-------- Data section --------

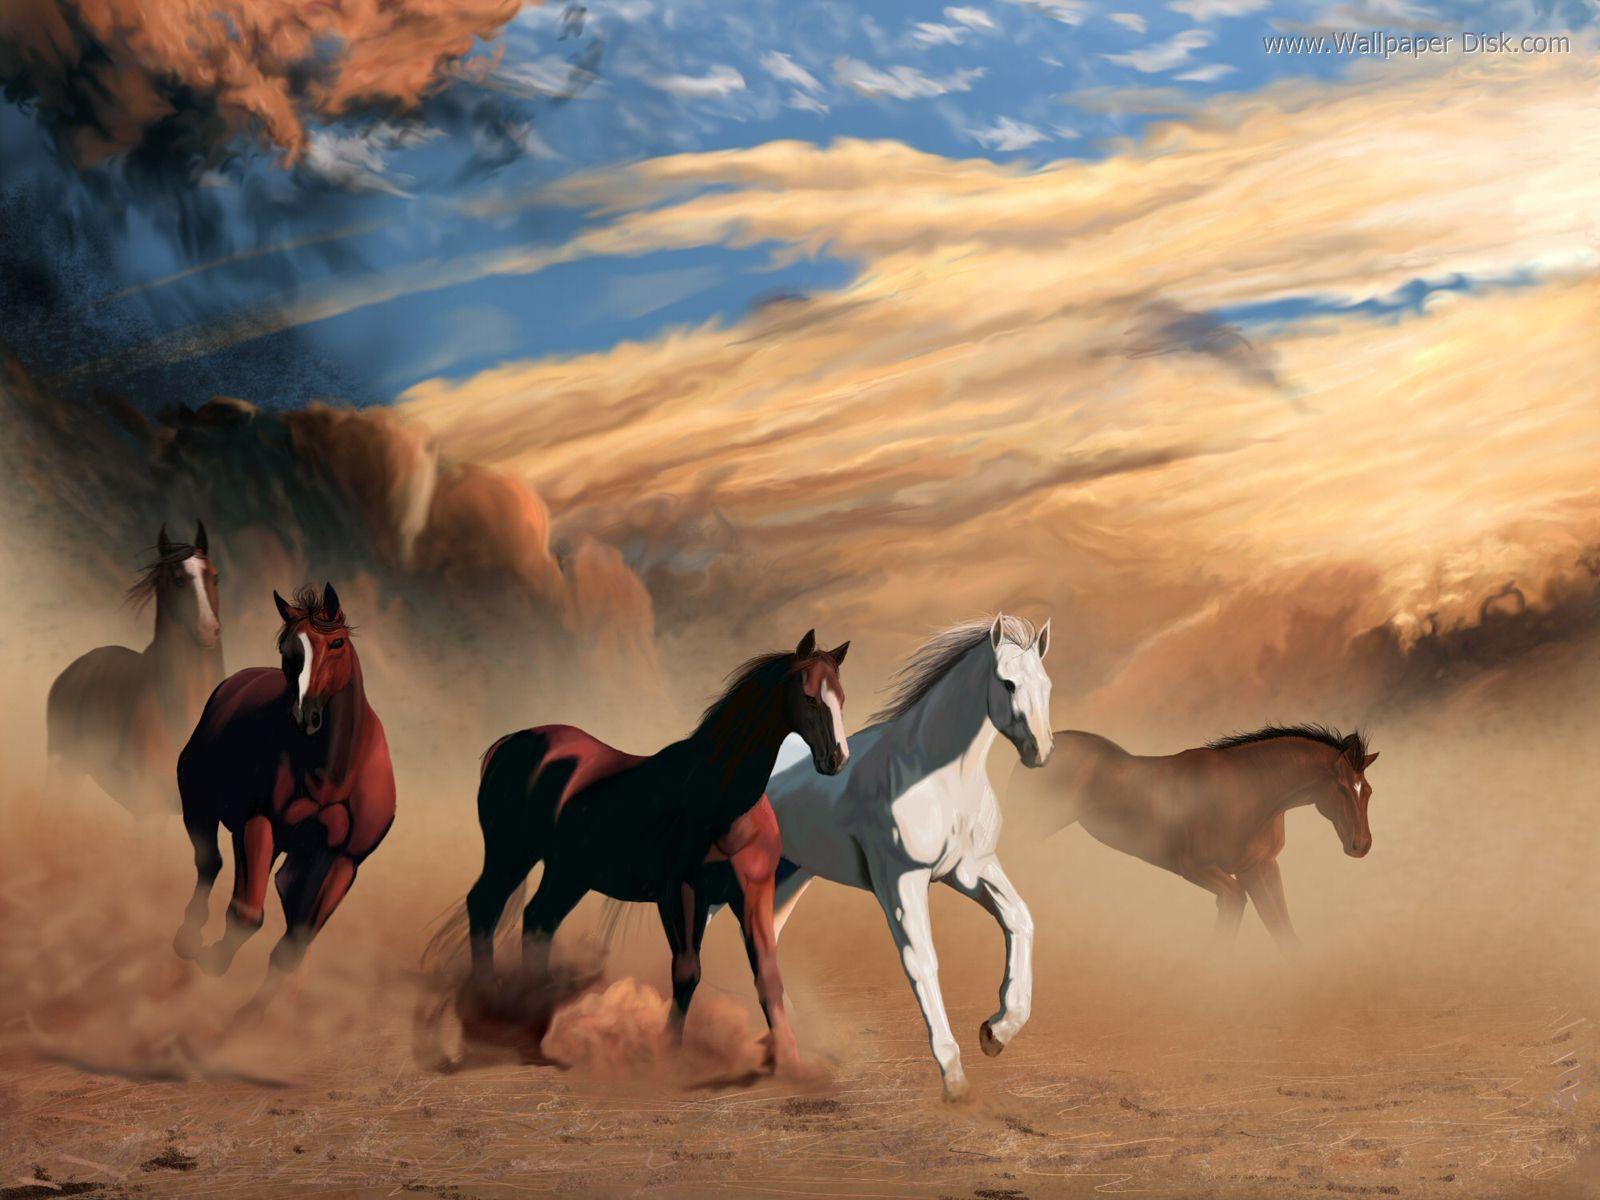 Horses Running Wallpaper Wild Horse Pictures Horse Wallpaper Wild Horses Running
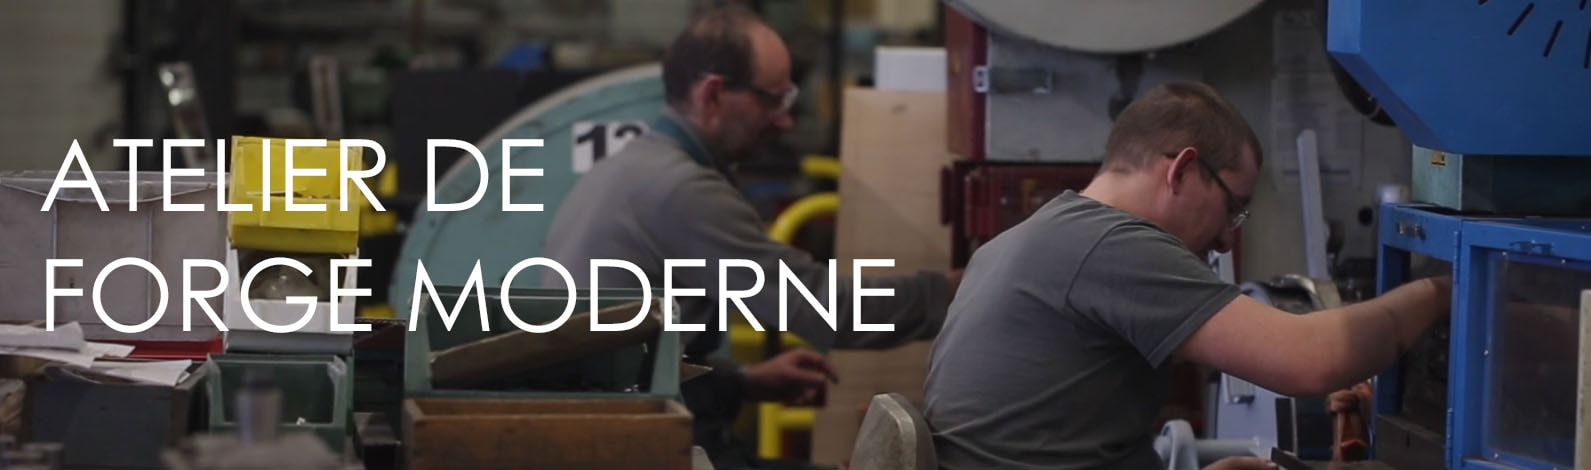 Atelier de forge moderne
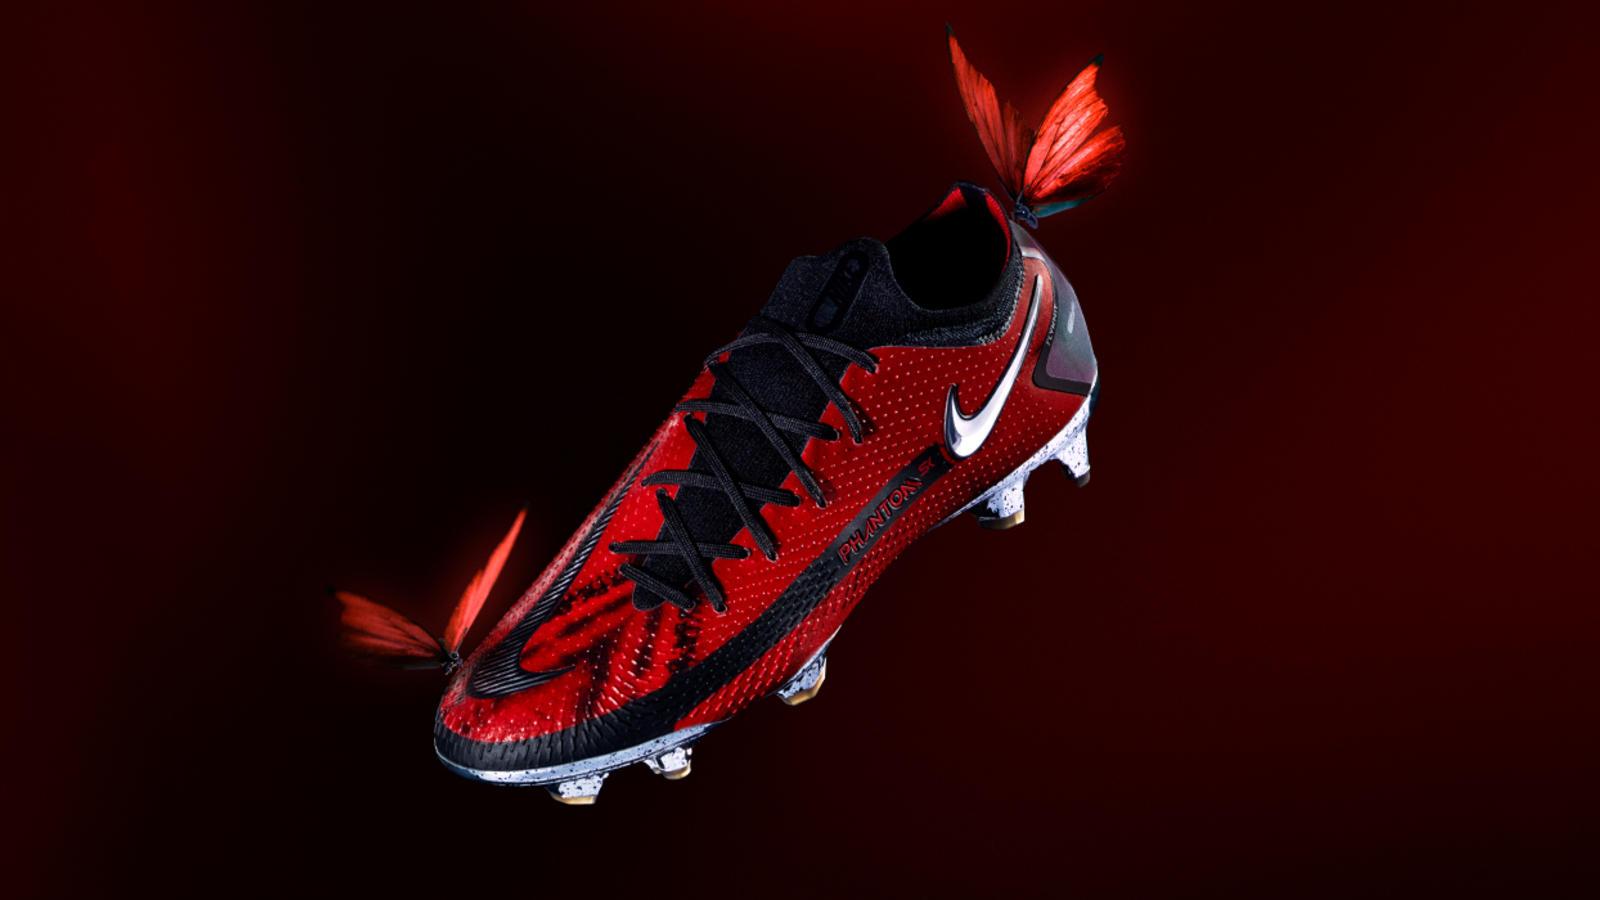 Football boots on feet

--------

**Task objective:** Beginning with the line that contains "Atelier de forge moderne" and ending with the last line of the data above, output those lines exactly and nothing more, without any pictures.

**Solution to the exercise:**
 Atelier de forge moderne
 Football boots on feet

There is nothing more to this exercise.